ASSIGNED TASK: From the entries below, print exactly the span beginning with the line holding "[ISS] Expédition 63 - Page 5 Retrieve" and ending with the line holding "96056 Dashboard Control", endpoints included, and skip any pictures.

RECORDS SHOWN:
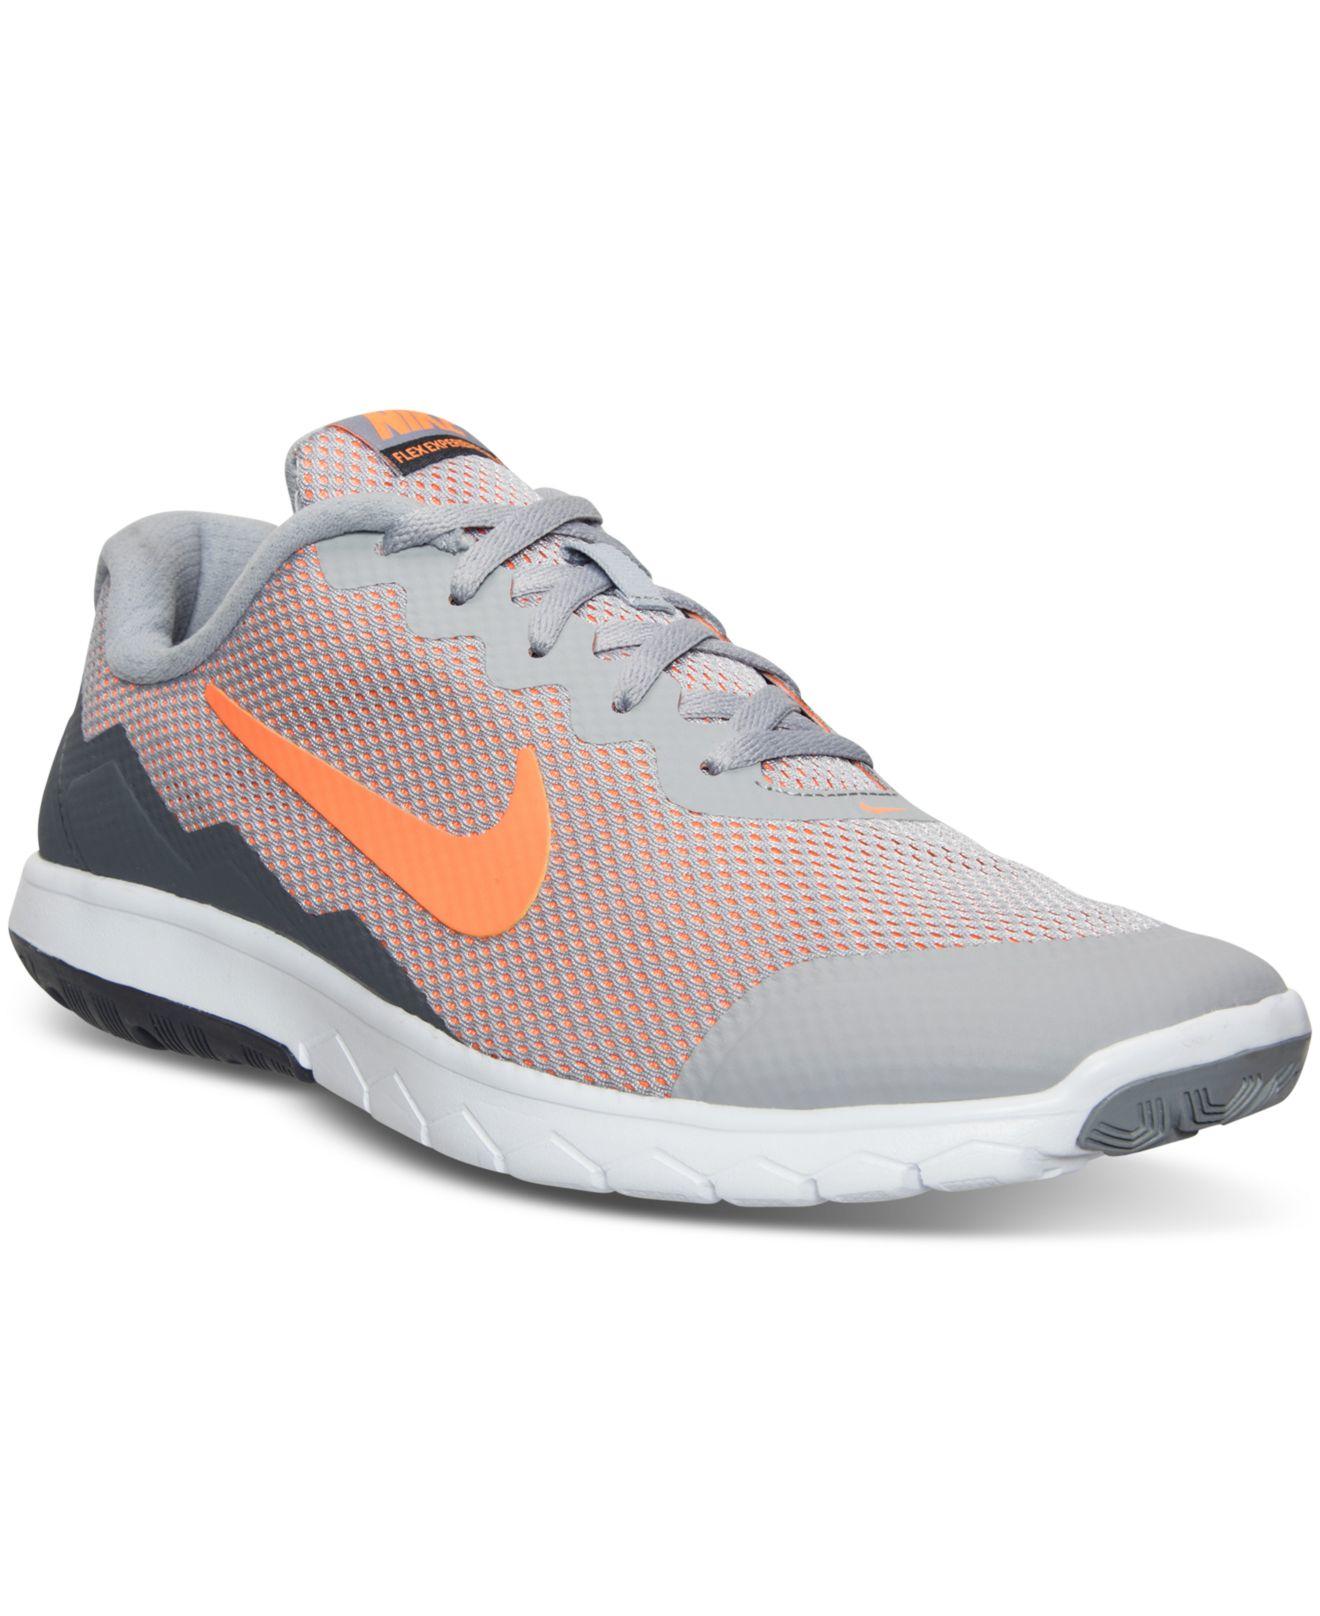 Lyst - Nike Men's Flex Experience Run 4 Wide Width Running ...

* * *

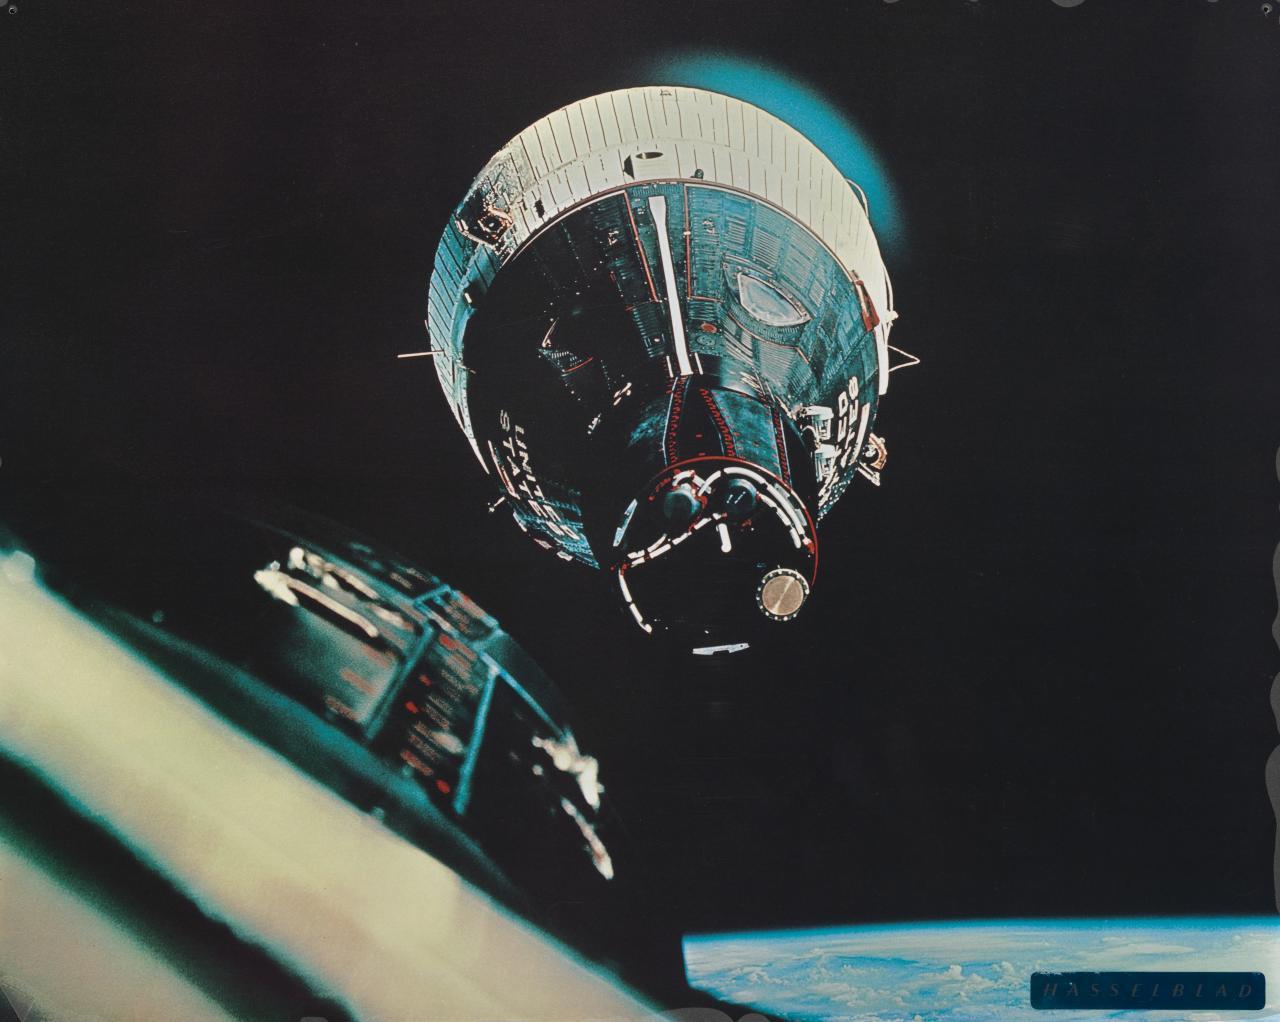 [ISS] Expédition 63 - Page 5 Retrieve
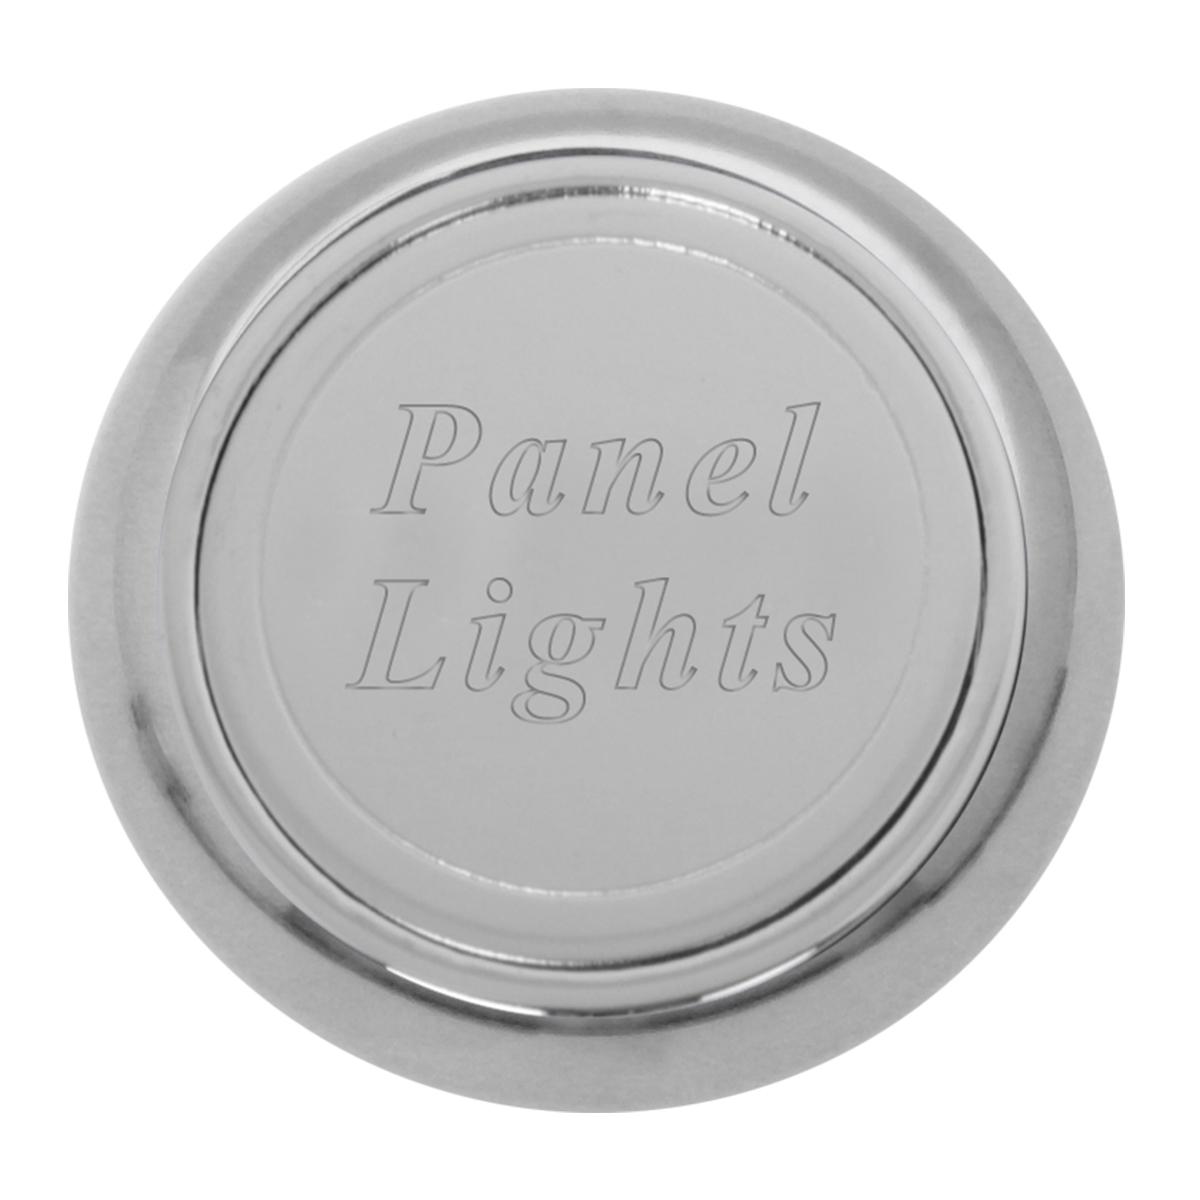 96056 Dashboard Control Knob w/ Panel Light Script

SOLUTION TO THIS PROBLEM:
 [ISS] Expédition 63 - Page 5 Retrieve
 96056 Dashboard Control Knob w/ Panel Light Script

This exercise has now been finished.